I use the following type:

/* double_buffer.h */

typedef struct
{
    uint8_t * active_buffer_p;       //< Address of active buffer
    uint8_t current_writing_index;   //< Current writing index in active buffer
    uint8_t buffer_1[BUFFER_SIZE];   //< First buffer
    uint8_t buffer_2[BUFFER_SIZE];   //< Second buffer
} double_buffer_t;


#define DoubleBuffer_init(buffers) do {                 \
        (buffers).active_buffer_p = (buffers).buffer_1; \
        (buffers).current_writing_index = 0;            \
        } while(0)

In my code, I declare an array of double buffer, using the volatile keywoard (because the buffers can be updated/read asynchronously in interrupts and in functions):

static volatile double_buffer_t m_double_buffers[NB_DOUBLE_BUFFERS];

I then initialize those buffers individually:

DoubleBuffer_init(m_double_buffers[id]);

When I compile the software (gcc), I got the following warning:

 error: assignment discards 'volatile' qualifier from pointer target type [-Werror=discarded-qualifiers]
   28 |         (buffers).active_buffer_p = (buffers).buffer_1; \

The reason why I have this warning is quite unclear to me, and I am not sure how to fix it.

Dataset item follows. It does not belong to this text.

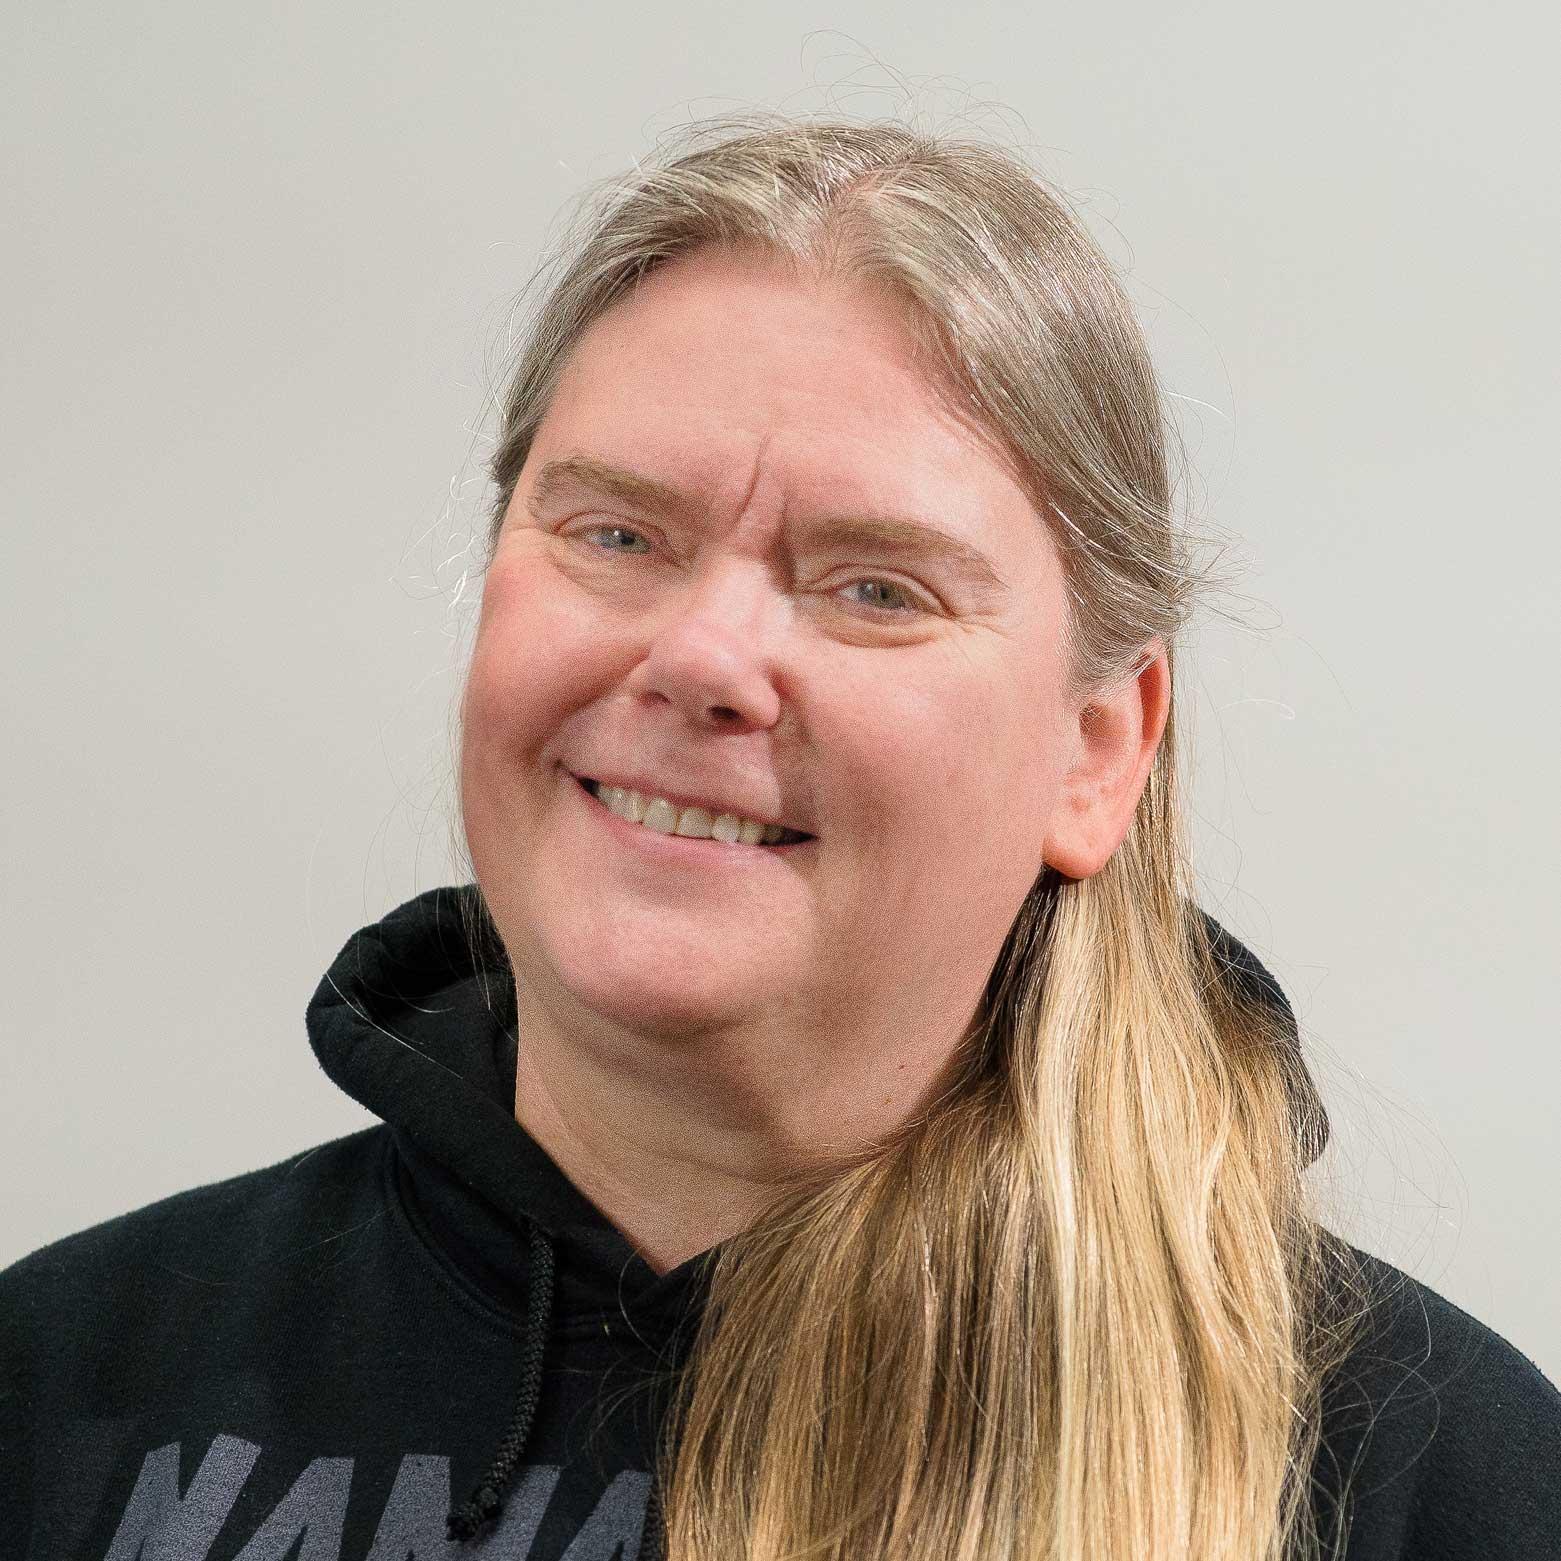 Heidi Dillehunt

Any help would be appreciated (I can update the question if something is not clear).

CodePudding user response：

You get this warning because you have a volatile object, and you create a non-volatile pointer to it.

This is bad as the compiler could access the volatile object without knowing that it is volatile. E.g. it could transform two reads into a single, it could change the order etc.

One way to fix it is to define active_buffer_p to uint8_t volatile * active_buffer_p.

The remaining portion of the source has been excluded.